Adam Grant, a Wharton professor and fellow sage for the business world, offered this assessment: “His most disruptive innovation was reminding us not to overinvest in careers and underinvest in people.”
More: How direct-to-consumer companies like Dollar Shave Club shook up the world of retail.
A screenshot of Louise Linton’s since-deleted Instagram post.
Greta Thunberg has an unlikely ally
Treasury Secretary Steven Mnuchin stirred up controversy last week when he said that the climate change activist Greta Thunberg should take a college economics class. But Ms. Thunberg found a supporter in Mr. Mnuchin’s wife, Louise Linton.
“I stand with Greta on this issue. (I don’t have a degree in economics either),” Ms. Linton, a Hollywood actor and producer who is a public supporter of animal rescue organizations, wrote in an Instagram post on Saturday.
Ms. Linton later deleted the post, and then posted to her Instagram Story defending herself, writes William Cummings of USA Today. “I am not my husband,” she wrote to one critic. “I happen to love Greta. Whatever he says has nothing to do with my views or opinions.”
The speed read
Deals
• Reporters at The Chicago Tribune really want someone to buy out their newspaper’s current owner. (NYT)
• California regulators are becoming a big hurdle for T-Mobile in its quest to buy Sprint. (WSJ)
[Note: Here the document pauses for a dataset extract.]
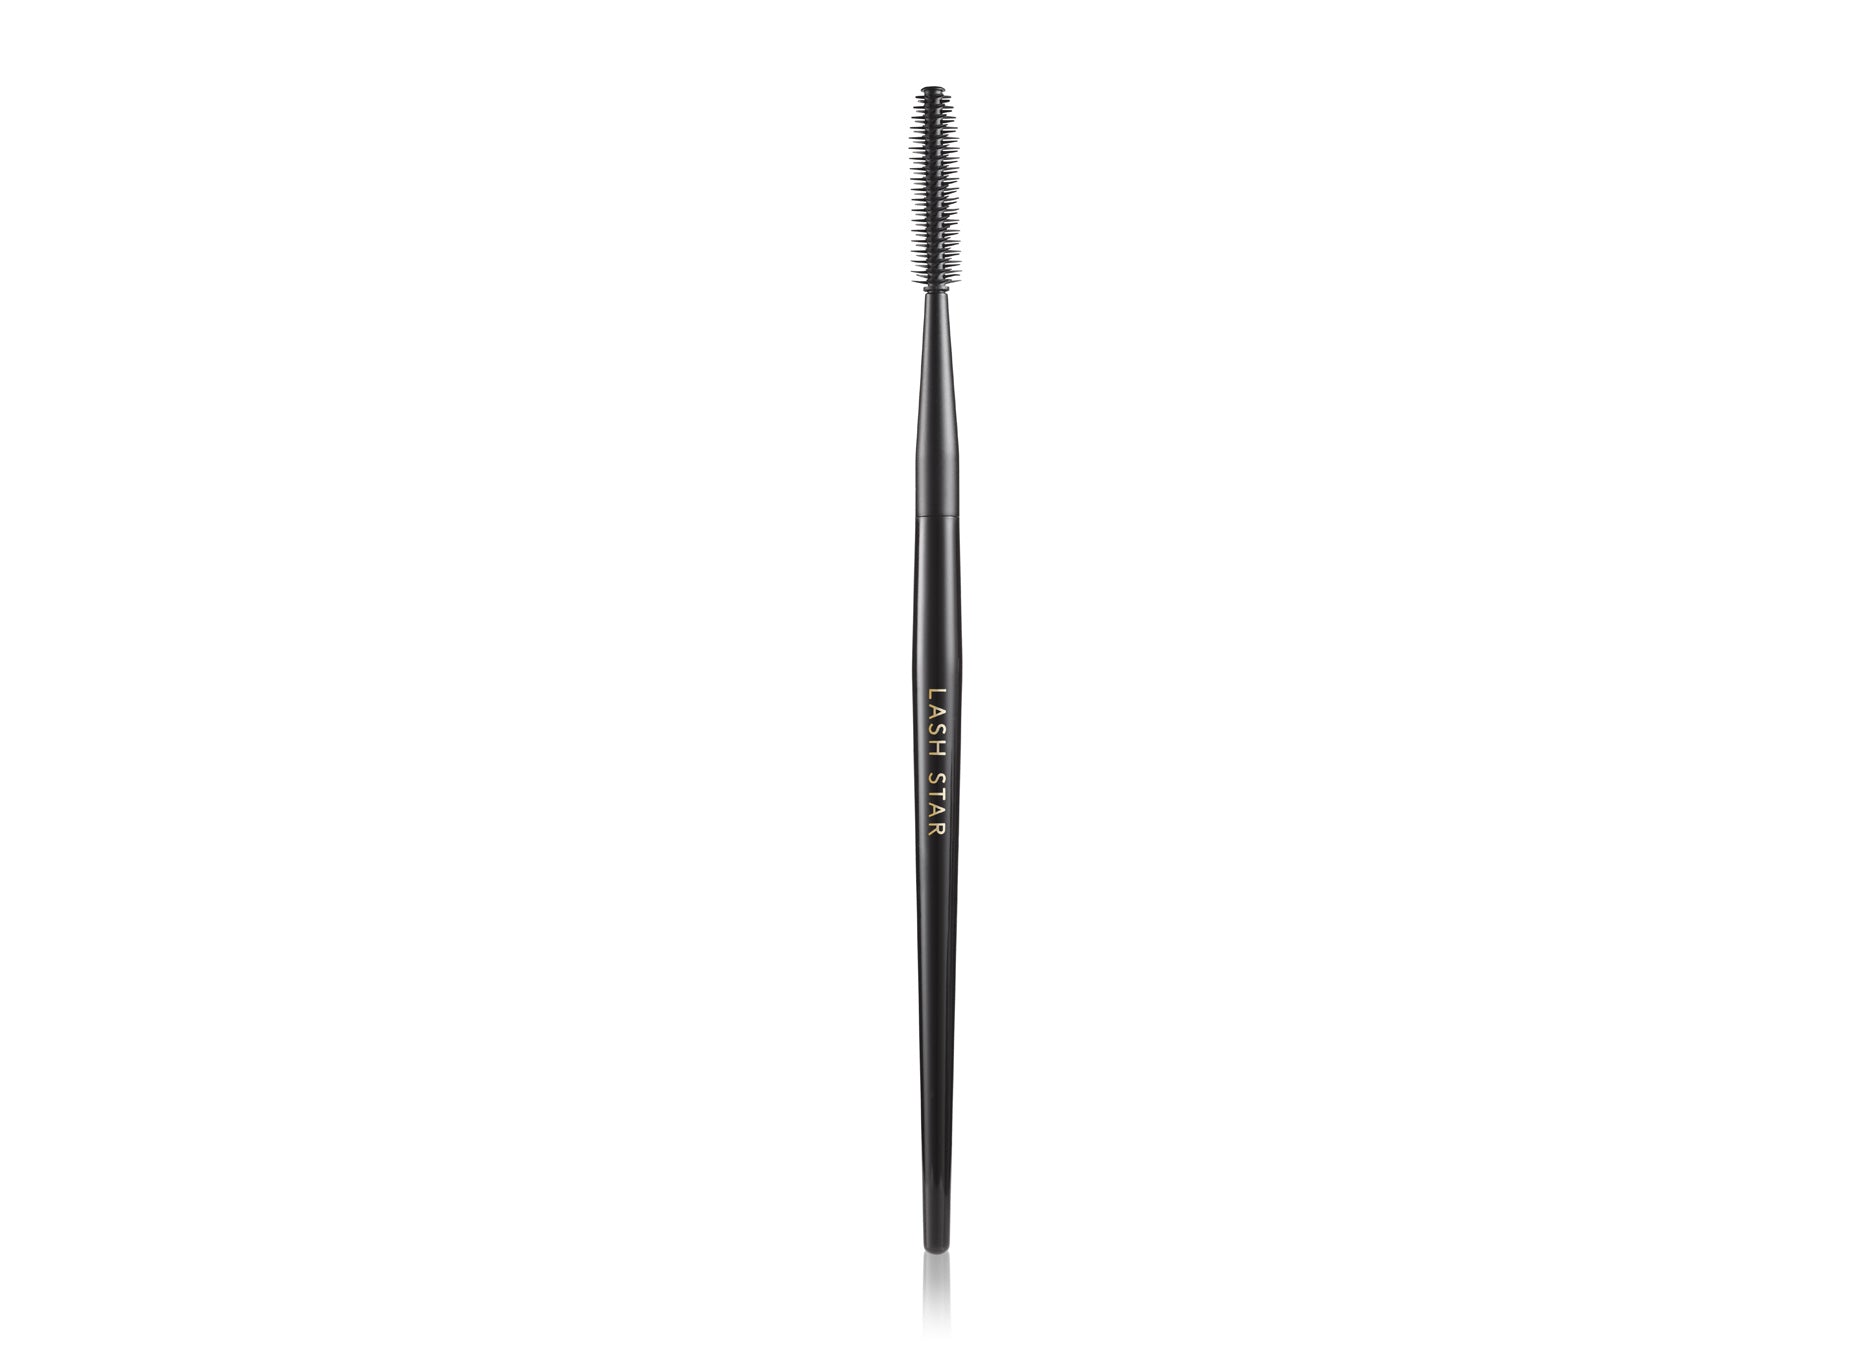 Silicone Brushes - Perfect Coating for Stunning Lashes

• Big investment banks are walking away from Chinese companies seeking to go public on Wall Street. (FT)
Politics and policy
• In an unpublished draft of his coming book, the former national security adviser John Bolton directly linked President Trump’s withholding of aid to Ukraine to his desire for investigations into Democrats. (NYT)
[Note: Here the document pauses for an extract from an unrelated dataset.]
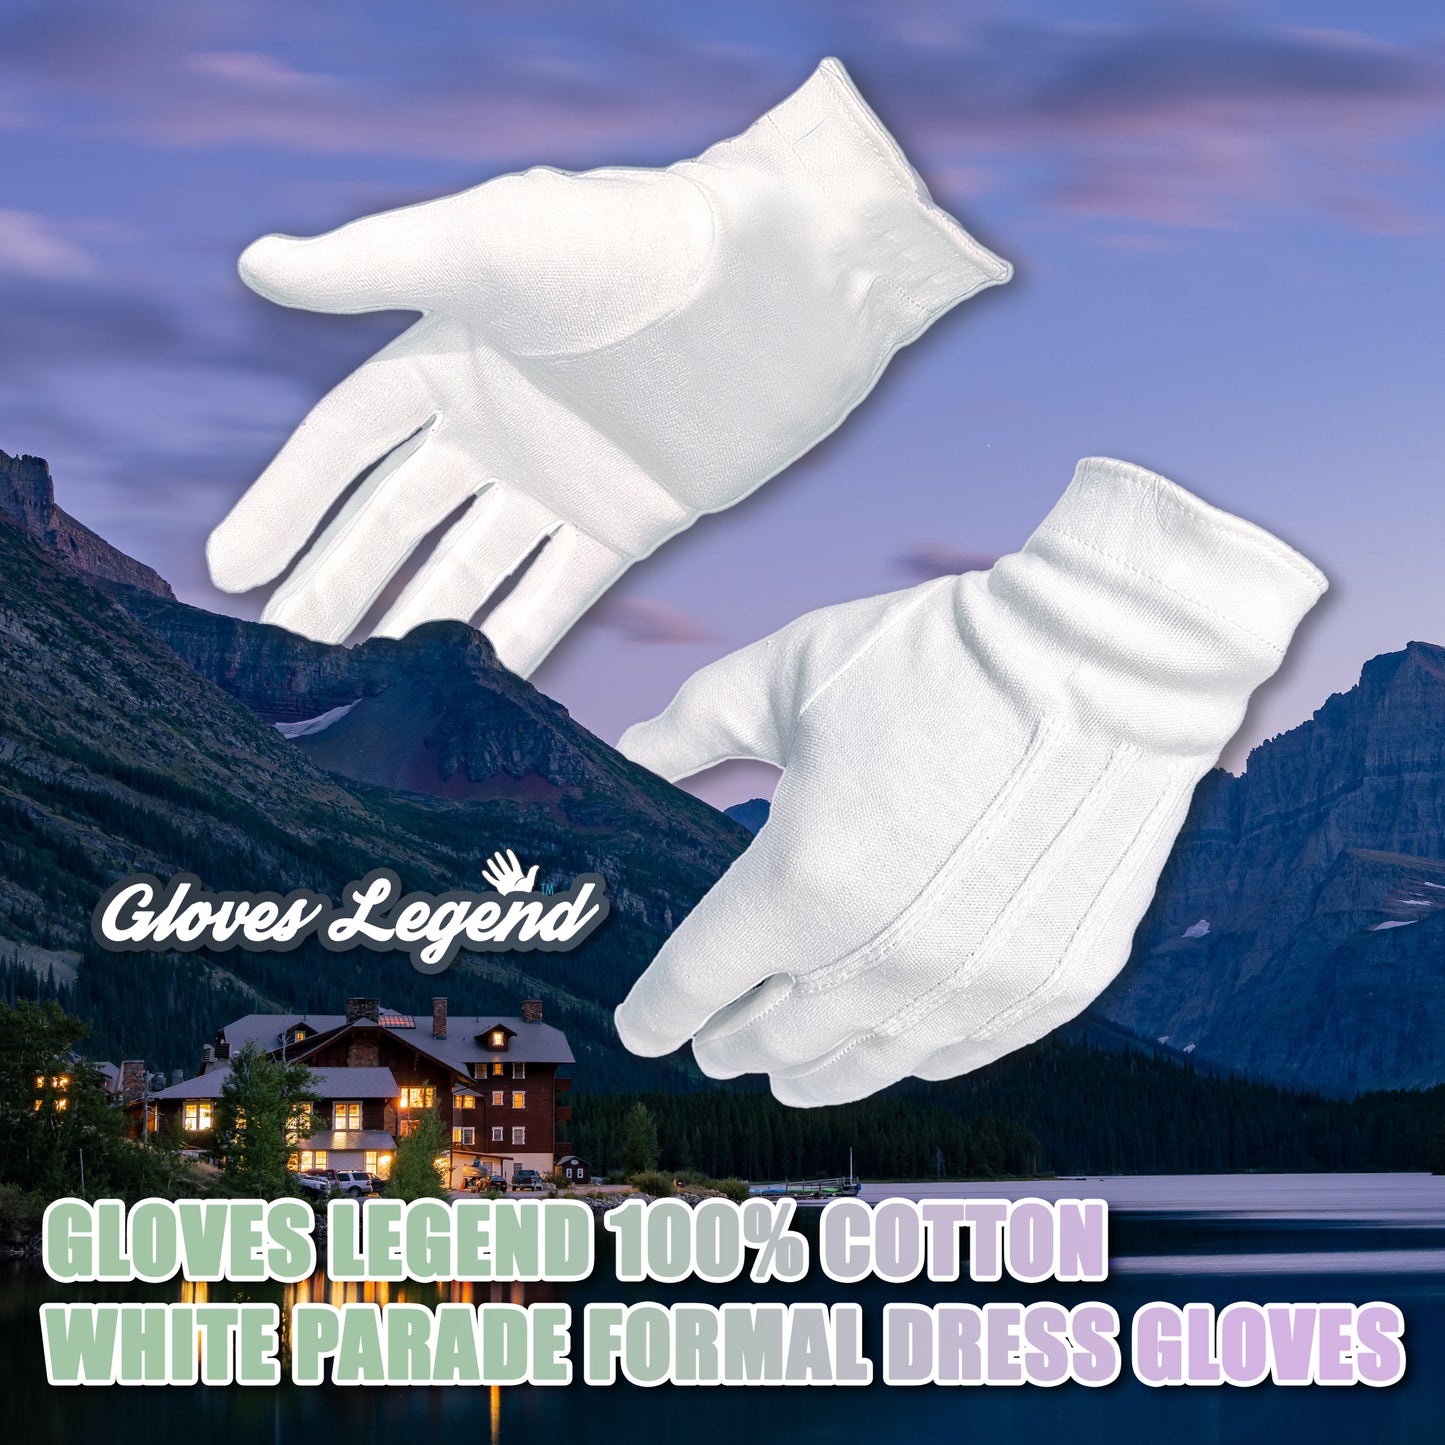 3 Pairs (6 Gloves) Size Medium - Gloves Legend 100% White Cotton Marching Parade Formal Dress Gloves

• Commerce Secretary Wilbur Ross warned E.U. officials not to move forward with a proposed carbon tax. (FT)
Tech
• Amazon employees openly criticized the company’s environmental practices, defying a company policy against unauthorized public criticism about its businesses. (WaPo)
• The London police said they plan to start using facial-recognition technology, overriding privacy concerns. (NYT)
• Content moderators at a Facebook facility in Europe have reportedly been asked to sign a form acknowledging that the job may cause PTSD. (FT)
Best of the rest
• “How Under Armour Lost Its Edge” (NYT)
• Crown Prince Mohammed bin Salman of Saudi Arabia reportedly courted Jeff Bezos on business matters before an alleged hack of the Amazon chief’s phone. (WSJ)
• German prosecutors are said to be investigating payments by Deutsche Bank to win the business of a Saudi royal. (FT)
• Where Prince Charles of Britain’s personal fortune comes from. (NYT)
Correction: Friday’s newsletter misstated the name of the company whose founder was sentenced to prison over a racketeering scheme tied to the opioid epidemic. The company is Insys, not Infosys.
Thanks for reading! We’ll see you tomorrow.